There was also a pdp-11 version of spacewar written by a college friend
of mine.  It was written to run on the 11/40 at WPI (which also had a
VT11 and VR17 display).  Originally it was written to use the switches
for thrust, rotate and fire.  Later, we built some boxes with two
three-position toggle switches and a mometary pushbutton, and they used
batteries and a resistor network to provide power to a set of ADCs on a
Lab Peripheral System (LPS) which was also on the machine.
Later, when both Frank and I were working at DEC, we got ahold of a few
DR11-C parallel I/O boards and built some new boxes which were
hard-wired to the boards and which simply turned on bits of the input
side, which the program was modified to read from.
A lot of hours were spent playing that game at WPI in the wee hours of
the night...
Al Kossow wrote:
  Here is part of an oral history I recorded with Steve
Russel last
 August which discusses how the Spacewar! program works internally.
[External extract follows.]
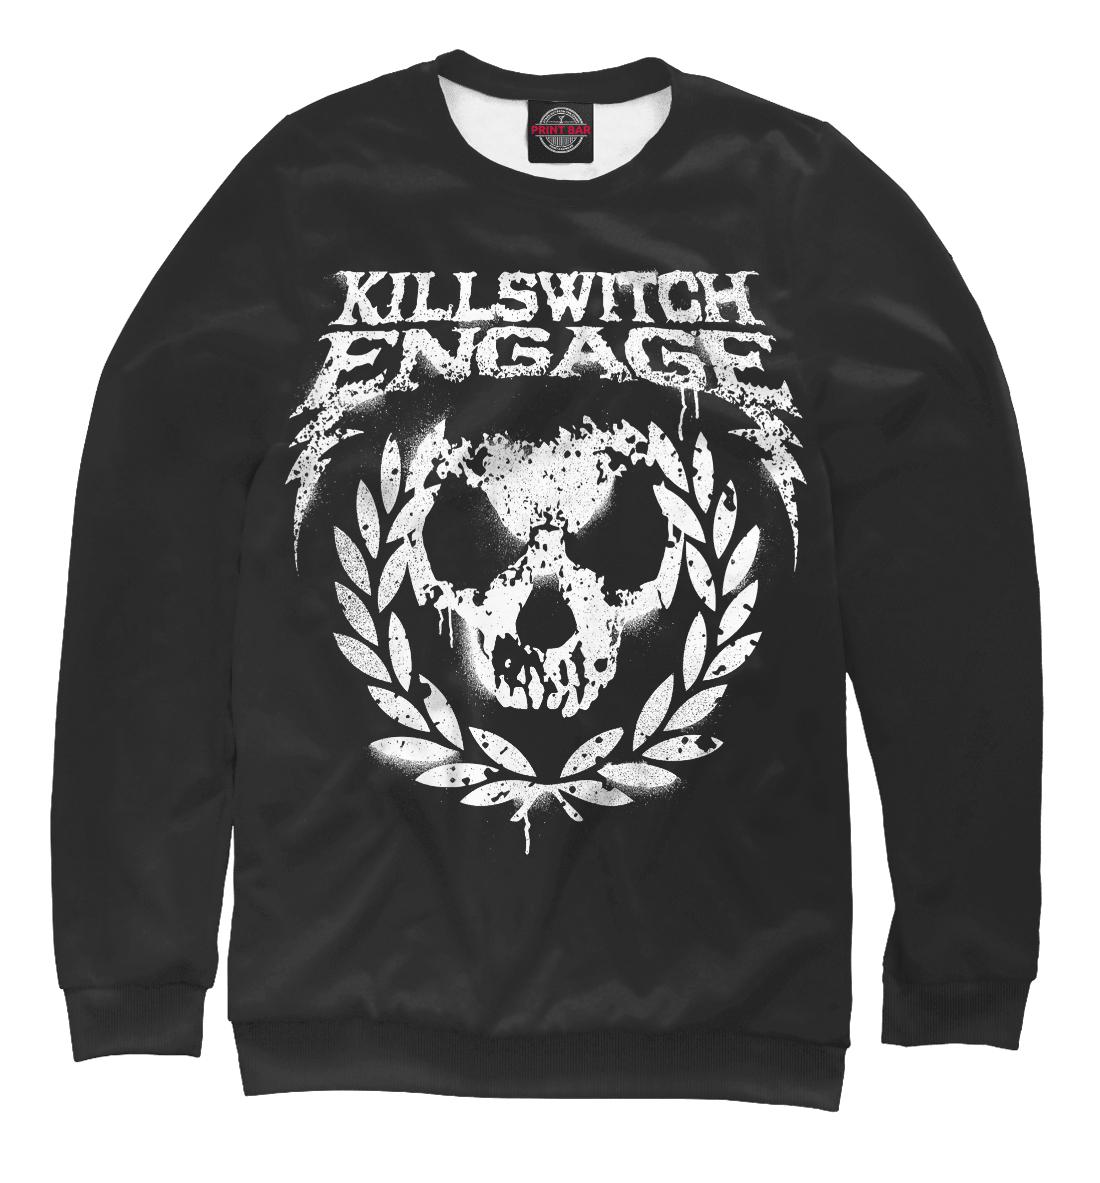 Купить Killswitch Engage, Printbar, Свитшоты, KSE-959633-swi-1

 Exerpt of an oral history of Steve Russell
 August 2008
 CHM Reference Number X4970.2008
 (C) 2008 Computer History Museum
 Russell:  Anyway, the PDP-1 arrived, and Marvin Minsky wrote the tripos
           demonstration, generally called the Minskytron, and there was
 the famous weekend
           where the mob of undergraduates transcribed the macro
 assembler from TX-0 to the
           PDP-1, because they didn't like FRAP. And then fairly quickly
 thereafter, they
           wrote DDT and connected up the macro symbols to DDT. So that
 was all sort of in
           place by the middle of the fall of 1961. And the combination
 of the Minskytron and
           having DDT with interactive debugging with symbols was very
 tempting. I don't
           remember the exact order of things, but I'm pretty sure I
 started talking up a better
           demonstration program than the Minskytron, and eventually,
 Alan Kotok  went up
           to Maynard and collected the sine and cosine routines from
 DECUS, presented
           them to me, and said, "Okay, here are the sine and cosine
 routines; now what's your
           excuse?" And I discovered I had run out of excuses; I had to
 actually think. And so
           I started work and figured out the basic trick of Spacewar!
 display which is that you
           only need to calculate a unit vector pointing in the direction
 of the spaceship. And
           you can express everything else the spaceship does, and the
 outline of the spaceship
           in terms of that unit vector, suitably scaled. So it's
 basically a lot of addition in the
           usual program upkeep.
 Kossow:  Do you want to just give an overview, then, of how Spacewar!
 actually
           works?
 Russell:  It's one big loop, and the loop is on the displayable objects.
 And I called
           them displayable objects, although I didn't know about object
 orientation or object-
           oriented programming at the time.
 Kossow:  So you have the sun--
 Russell:  Colliding objects, not displayable objects. The colliding
 object is a space
           ship, there are two of those. And that has a lot of extra data
 with it. It shares the
           position and velocity tables with all of the torpedoes and
 explosions that are running
           around. So there's just one big loop through the colliding
 objects, and it looks at all
           the higher-numbered colliding objects to see if there's a
 collision, using an octagon
           because you don't need to calculate the square root of
 anything, you can do that by
           work on X difference, Y difference, and X+Y difference--
 Kossow:  So the bounding box for the collision detection is an octagon?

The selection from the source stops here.